# SUPPLIED DATA:
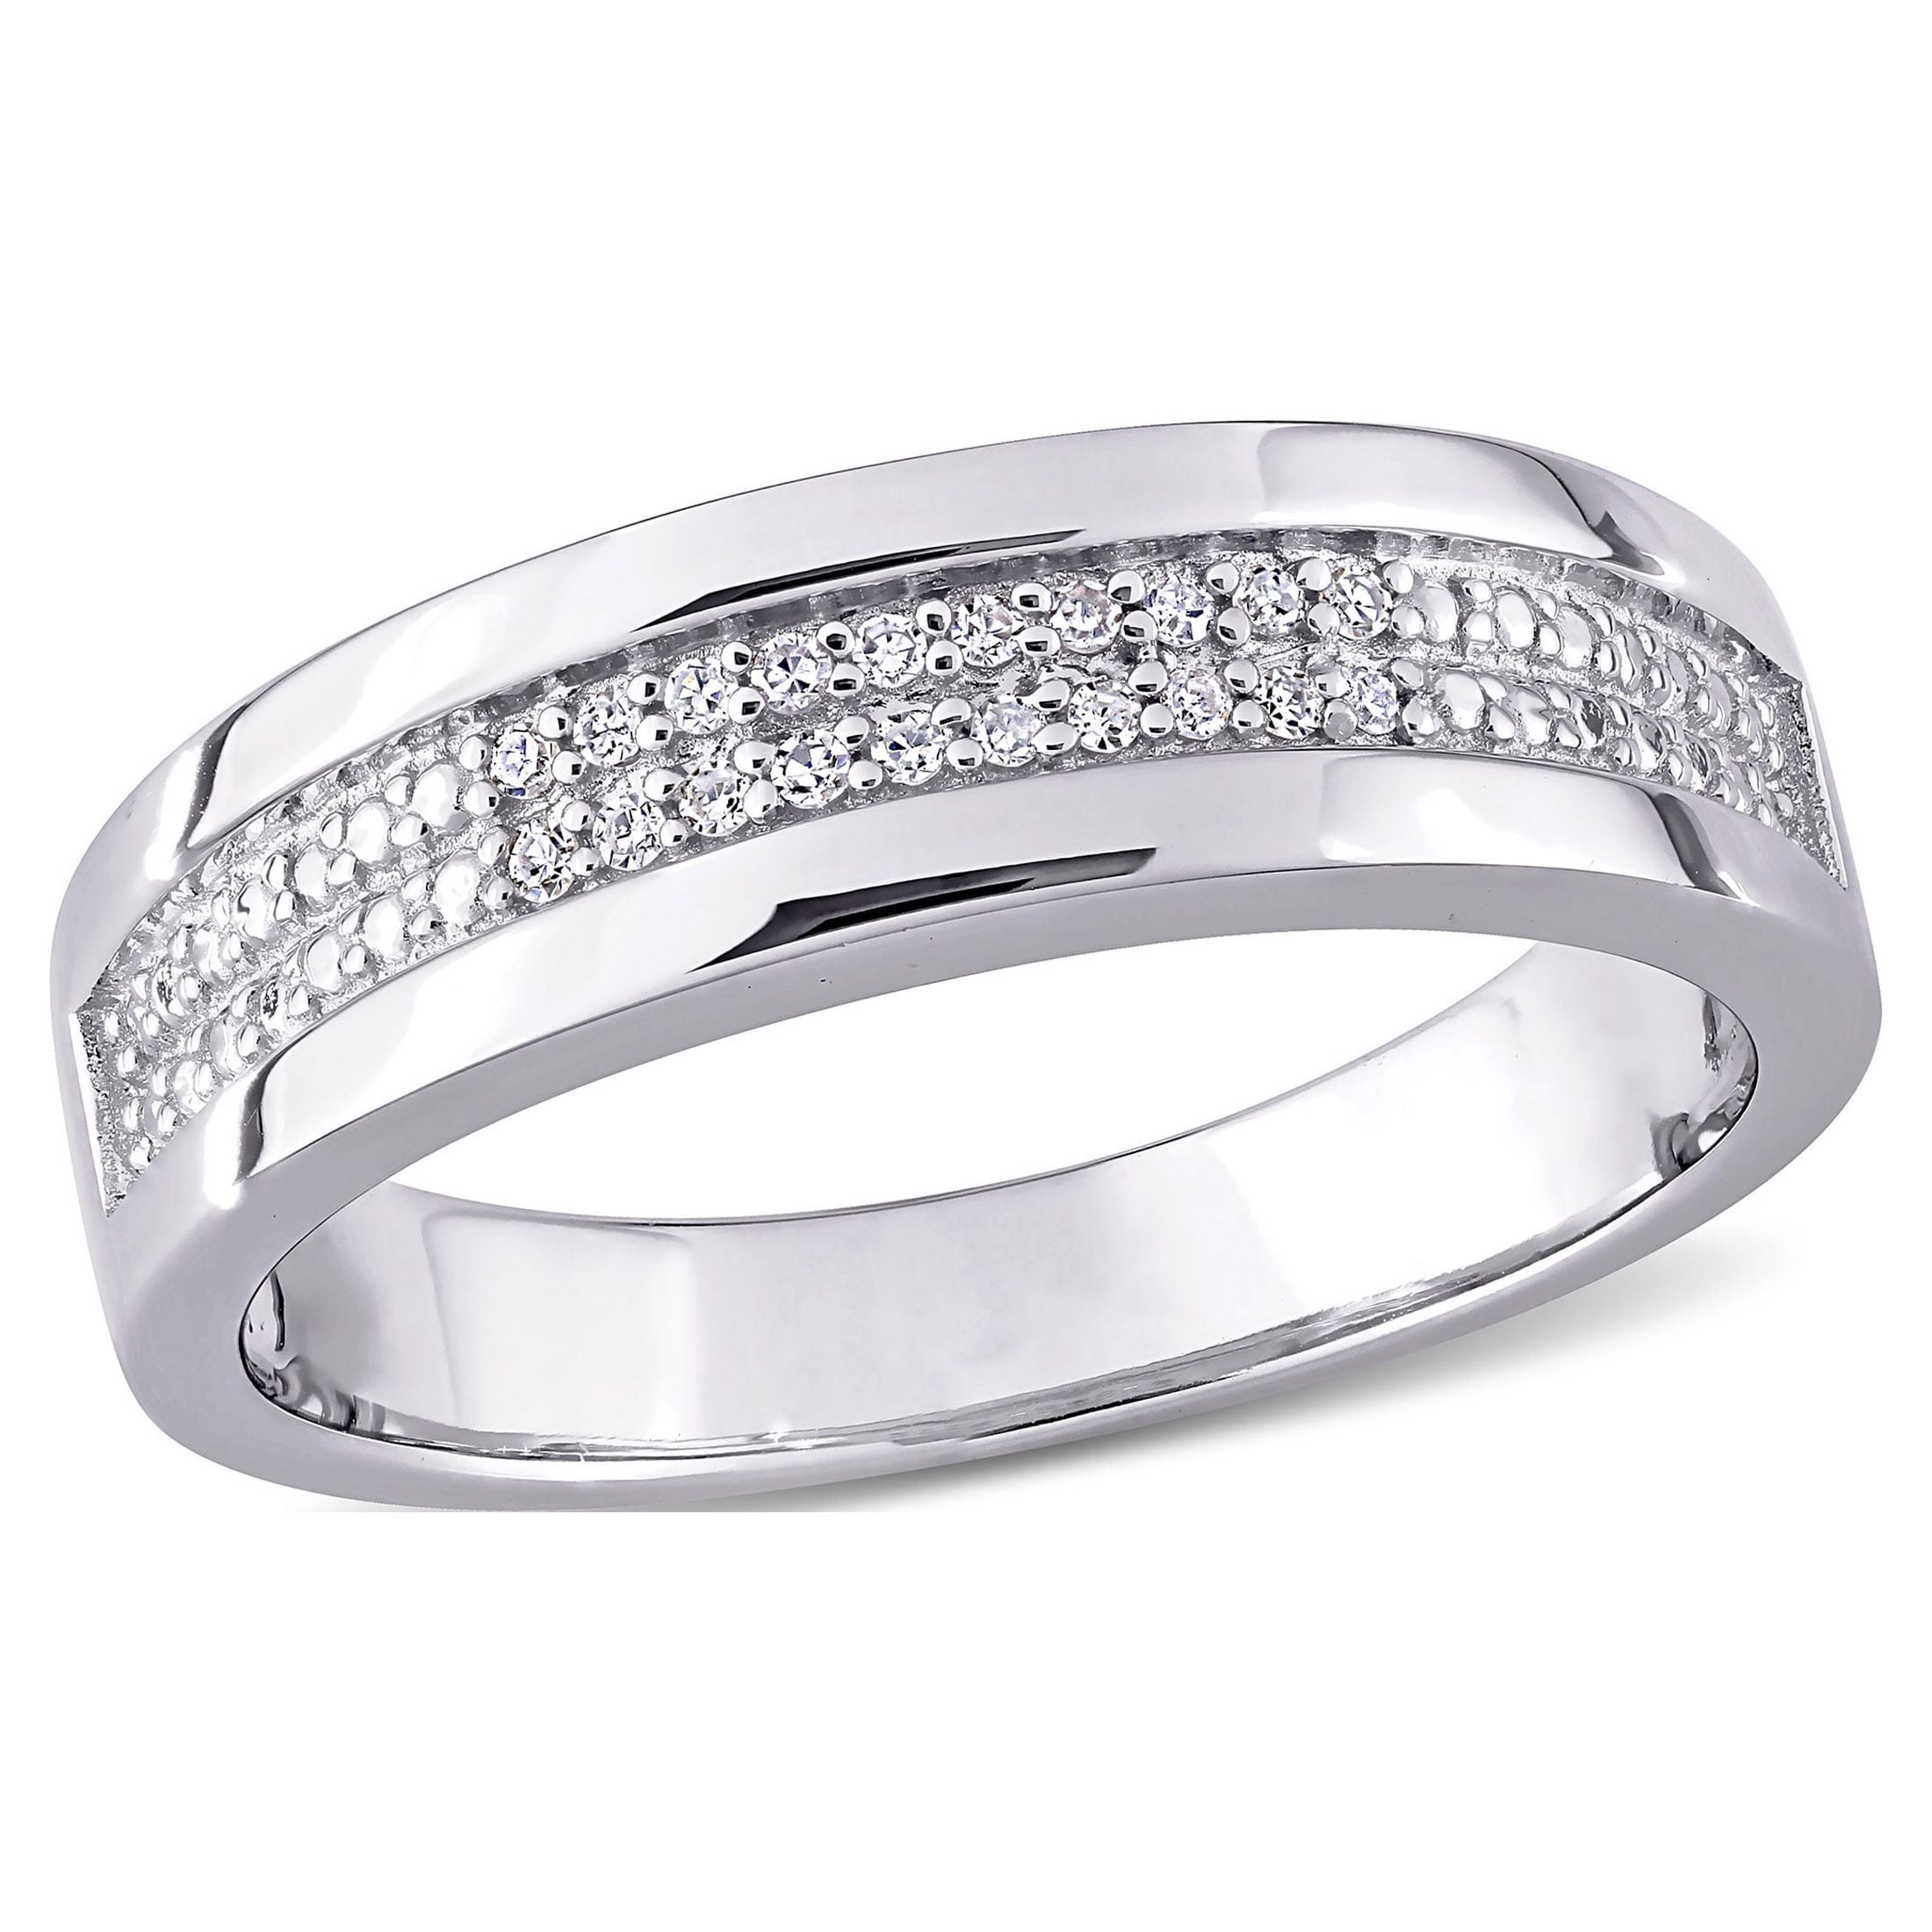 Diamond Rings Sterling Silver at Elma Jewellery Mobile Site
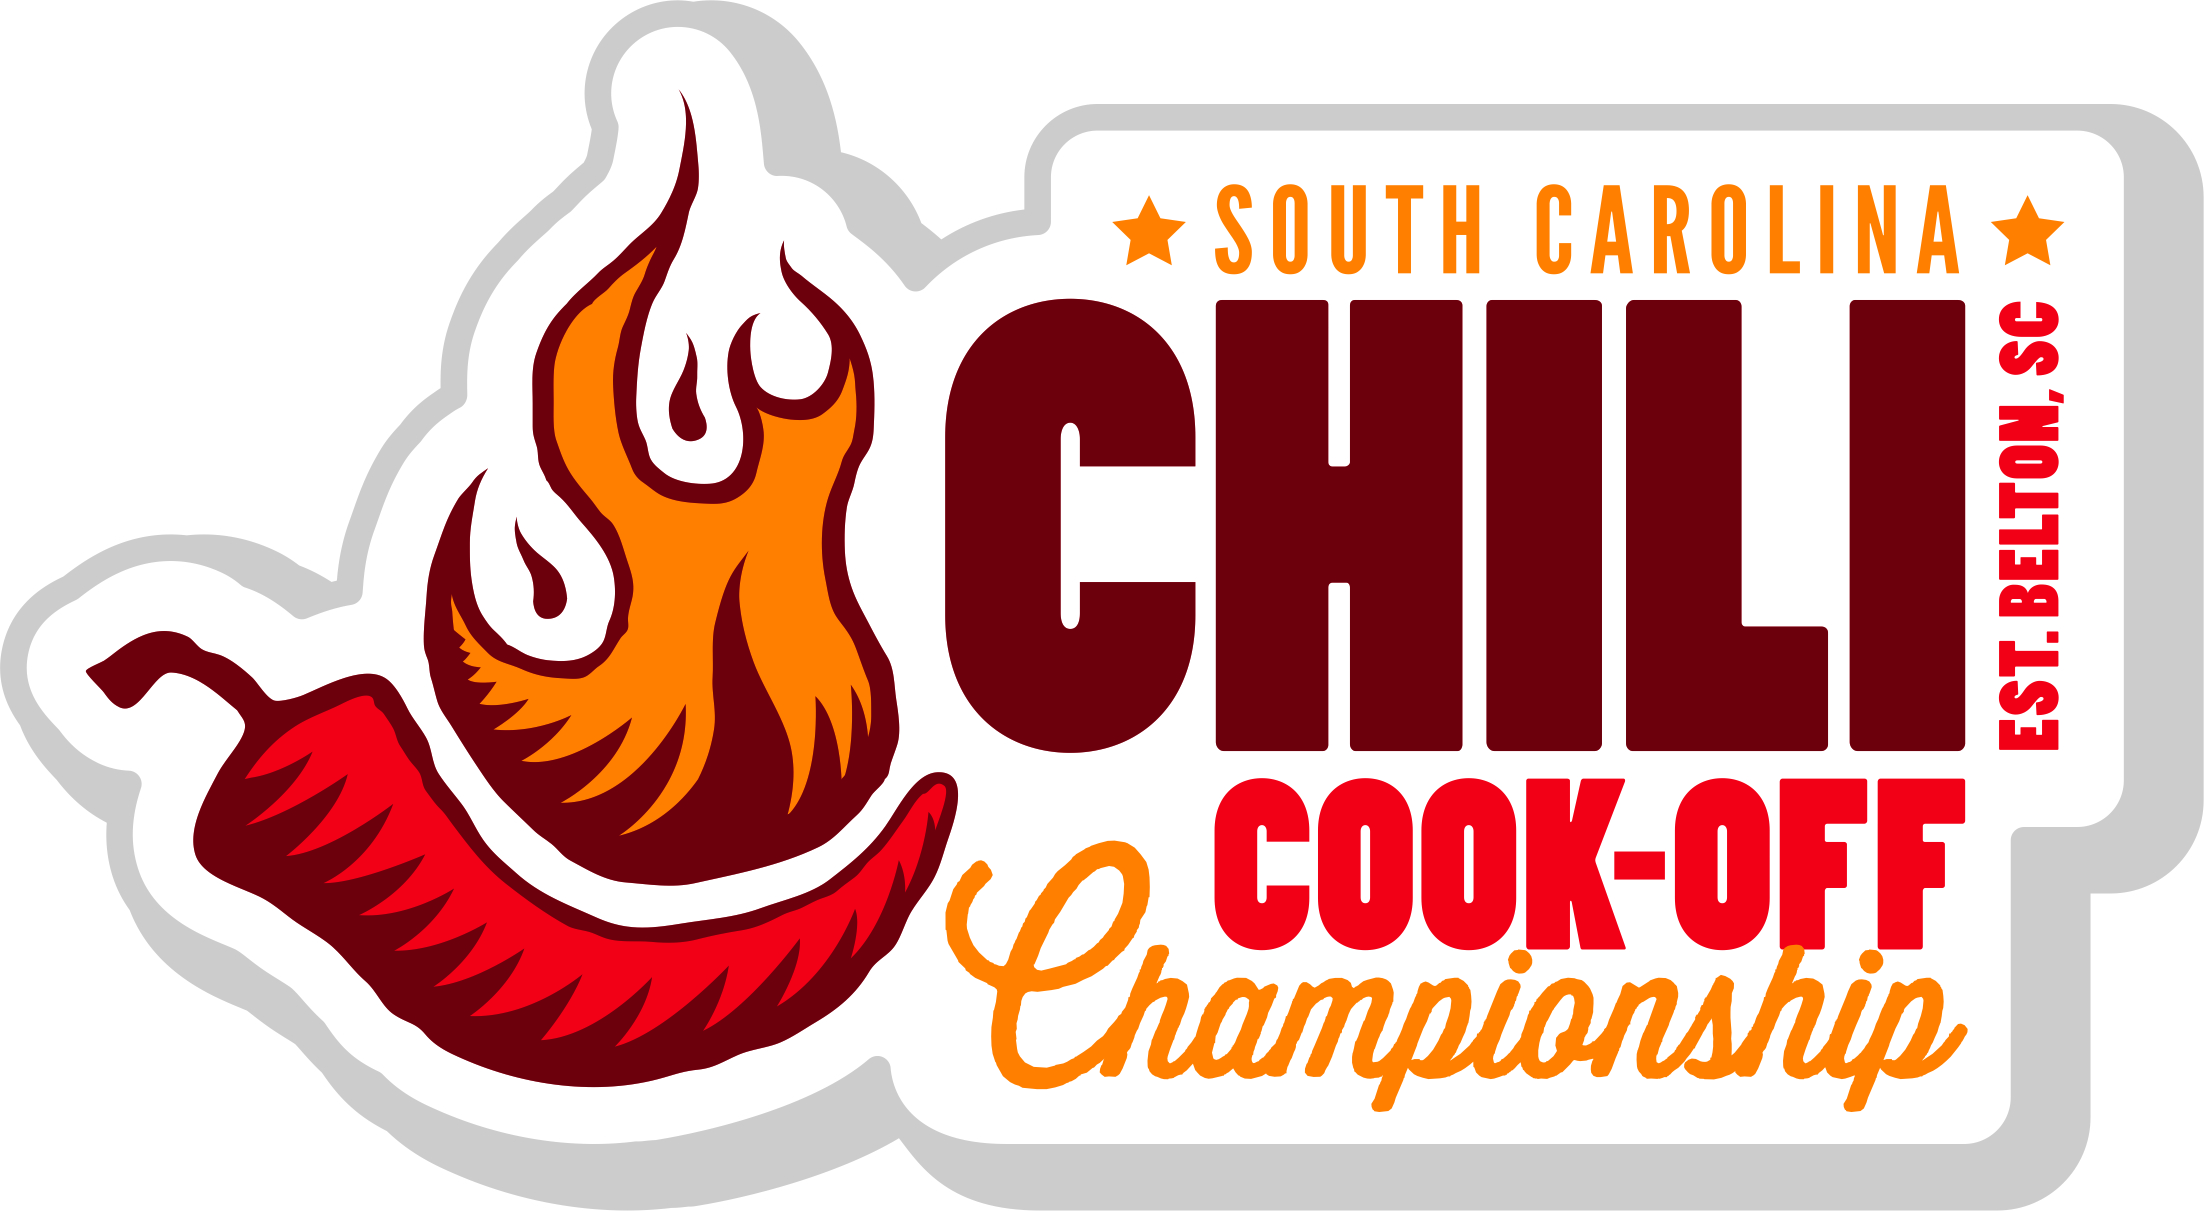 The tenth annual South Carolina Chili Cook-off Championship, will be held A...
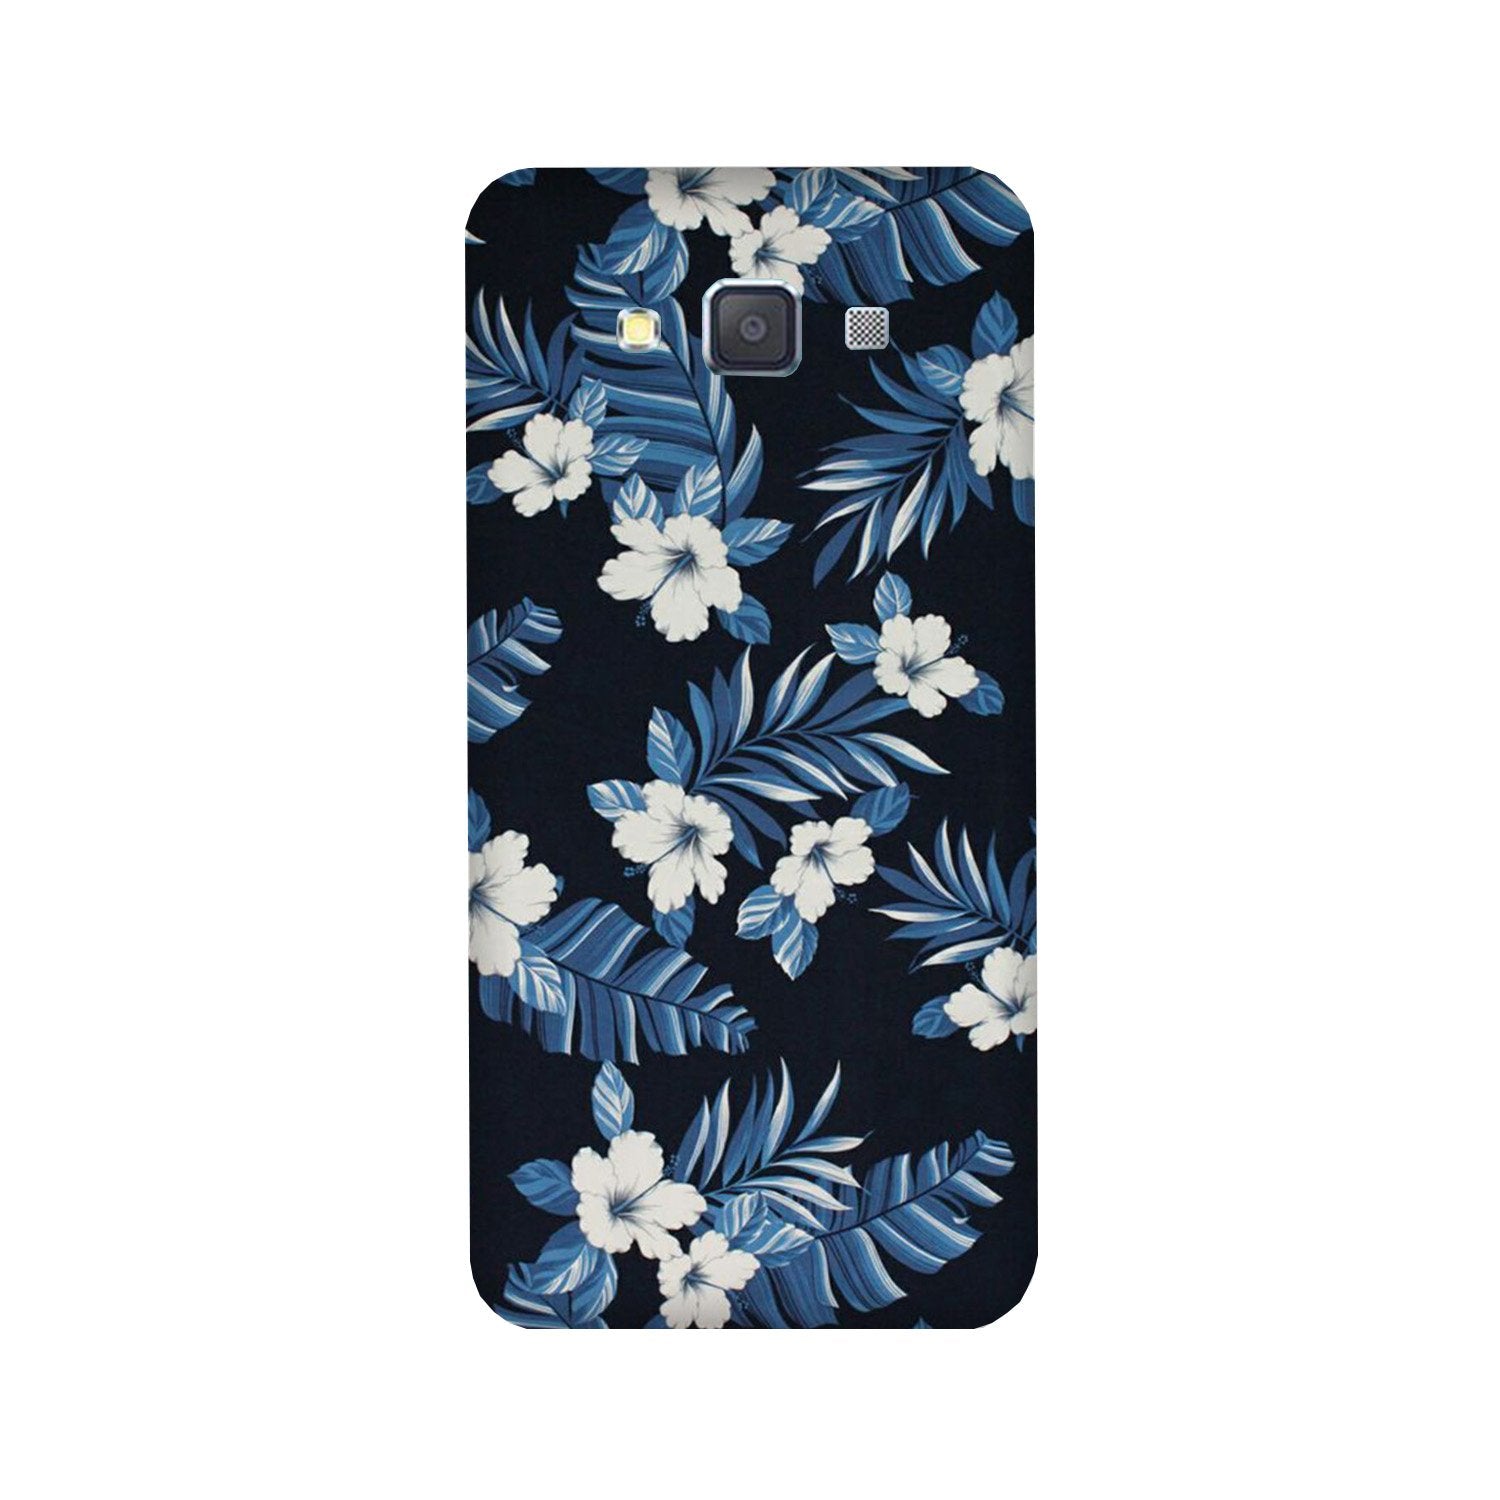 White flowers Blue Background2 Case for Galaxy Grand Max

# EXERCISE:
Restate the material above exactly. Exclude all pictures.

# EXERCISE RESPONSE:
 Diamond Rings Sterling Silver at Elma Jewellery Mobile Site
 The tenth annual South Carolina Chili Cook-off Championship, will be held A...
 White flowers Blue Background2 Case for Galaxy Grand Max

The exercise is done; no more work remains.